> Prompt
Reproduce verbatim all of the data given below, but do not carry over the images.

> Collected data
==============================

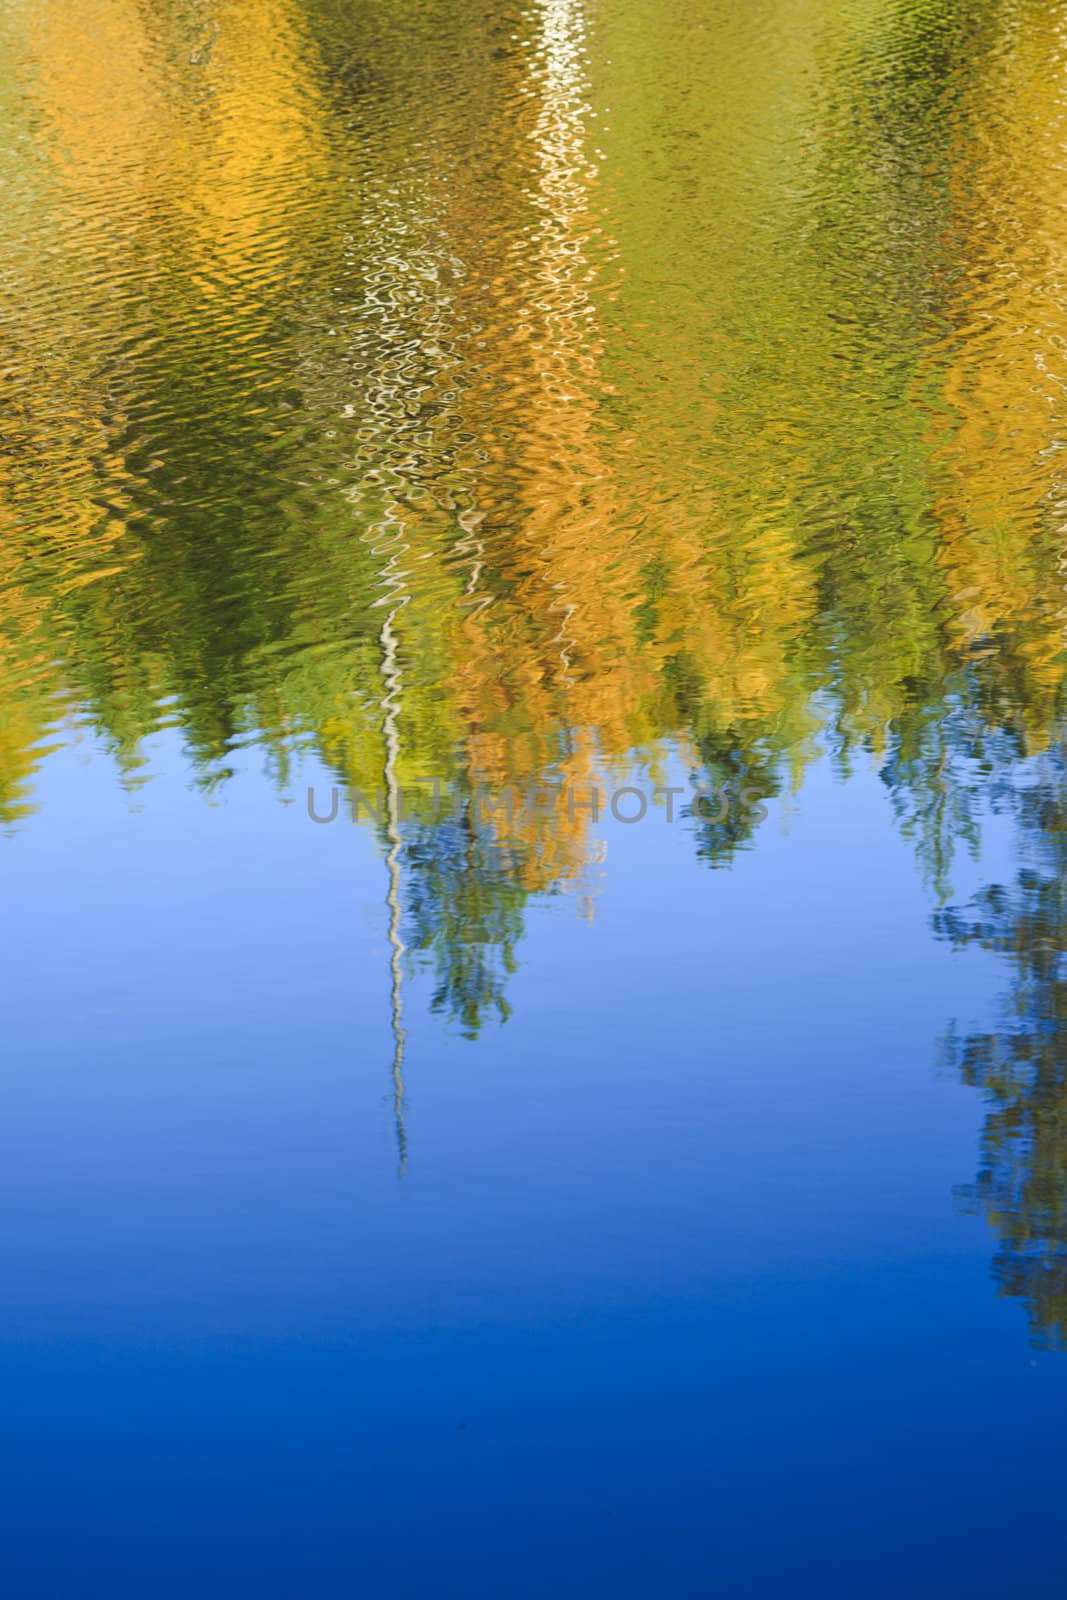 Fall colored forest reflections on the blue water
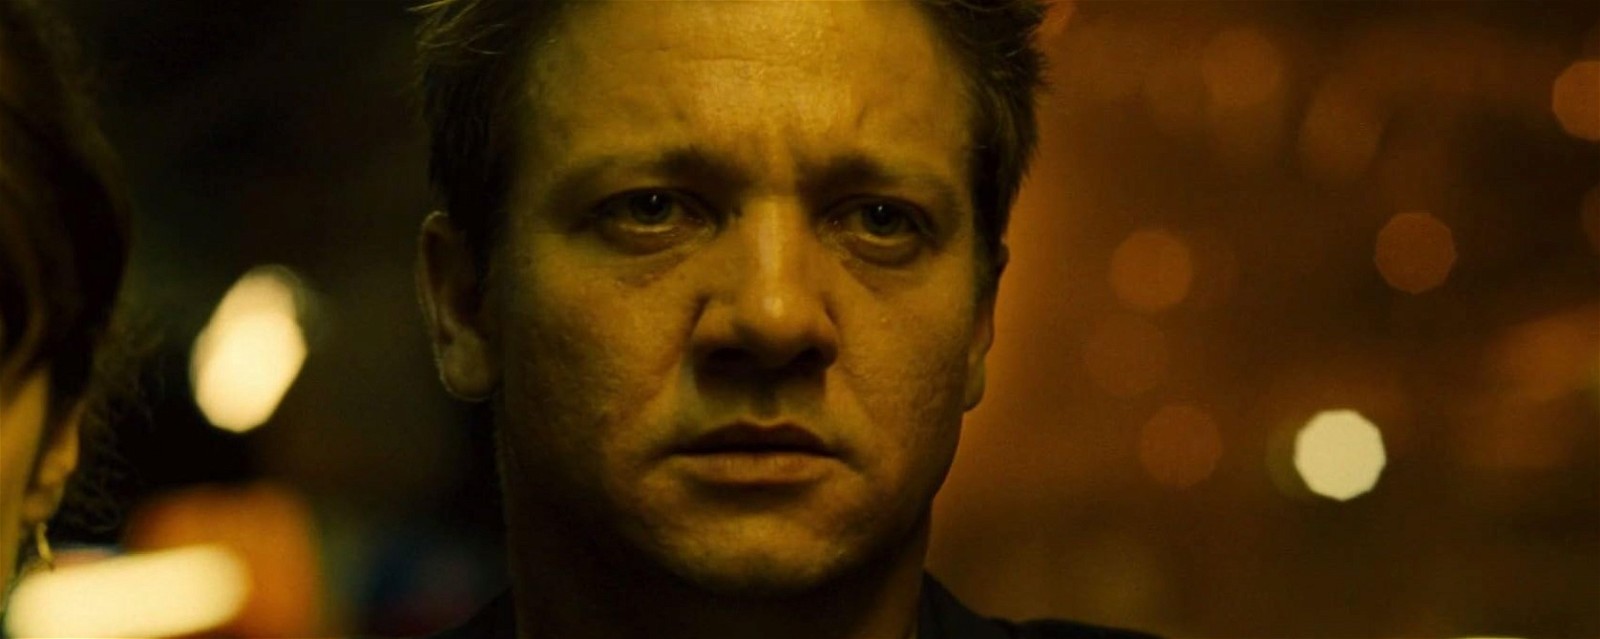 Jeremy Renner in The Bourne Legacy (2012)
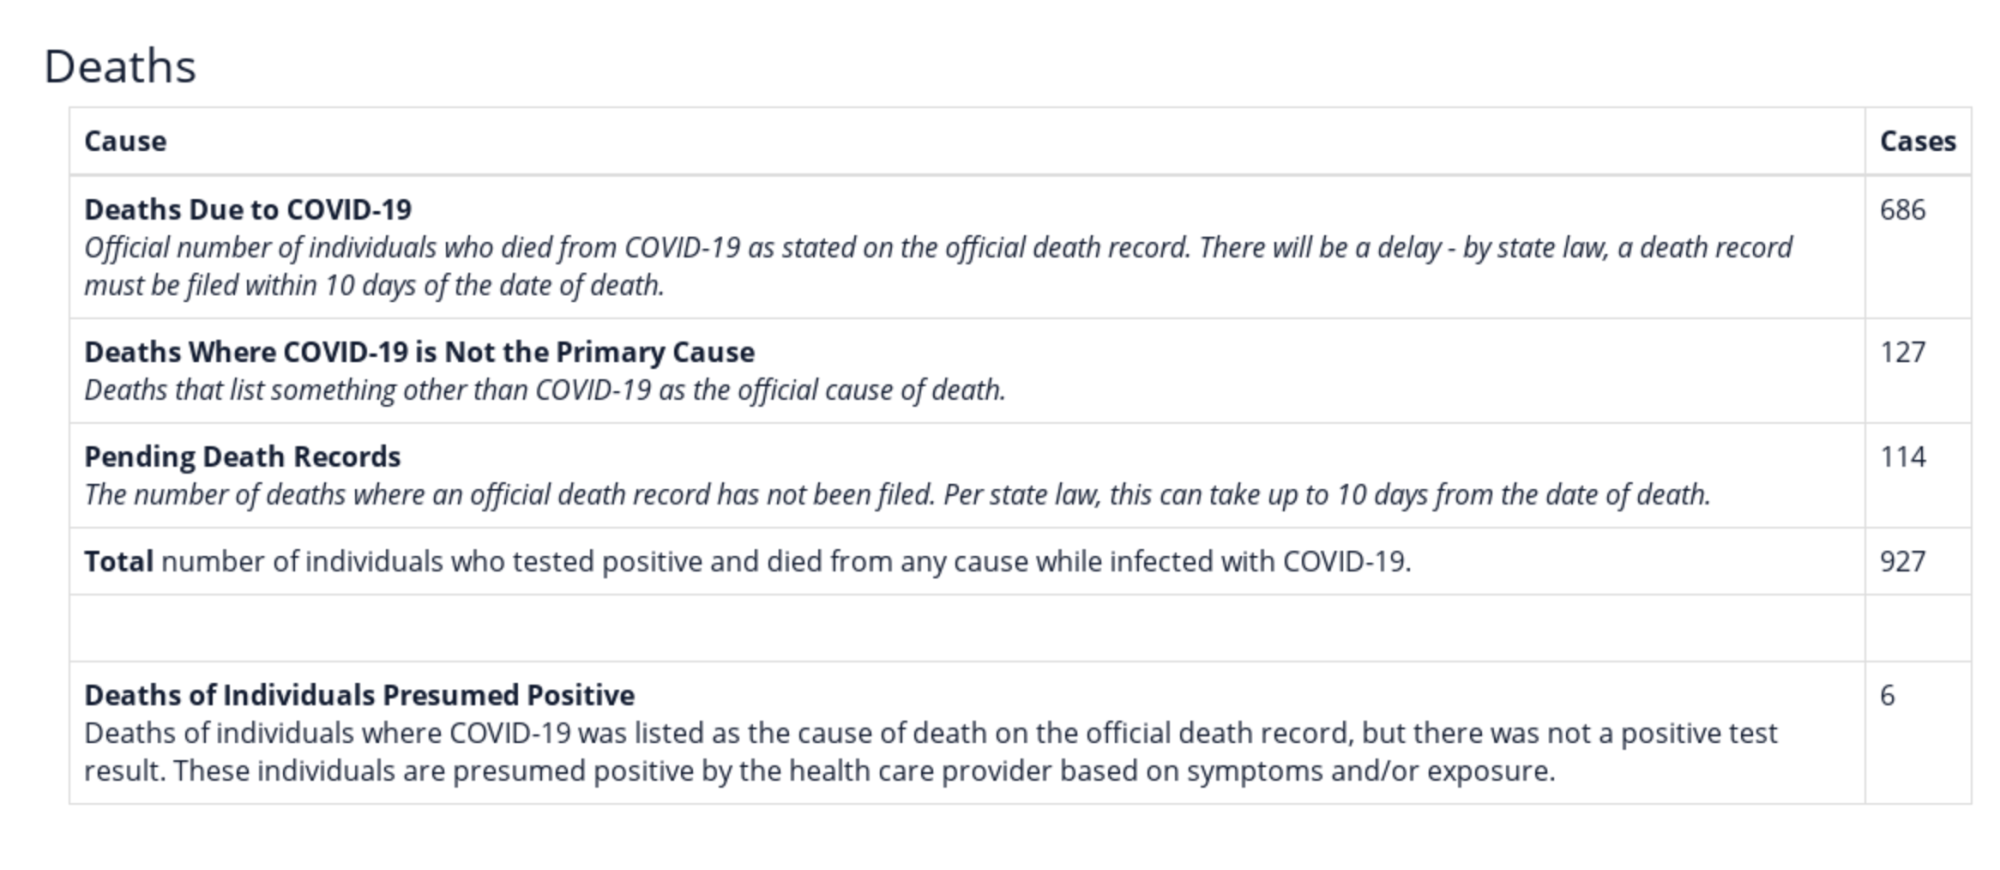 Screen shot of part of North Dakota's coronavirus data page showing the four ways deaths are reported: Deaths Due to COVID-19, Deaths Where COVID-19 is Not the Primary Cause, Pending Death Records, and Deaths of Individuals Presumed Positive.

==============================

> Completed task
 Fall colored forest reflections on the blue water
 Jeremy Renner in The Bourne Legacy (2012)
 Screen shot of part of North Dakota's coronavirus data page showing the four ways deaths are reported: Deaths Due to COVID-19, Deaths Where COVID-19 is Not the Primary Cause, Pending Death Records, and Deaths of Individuals Presumed Positive.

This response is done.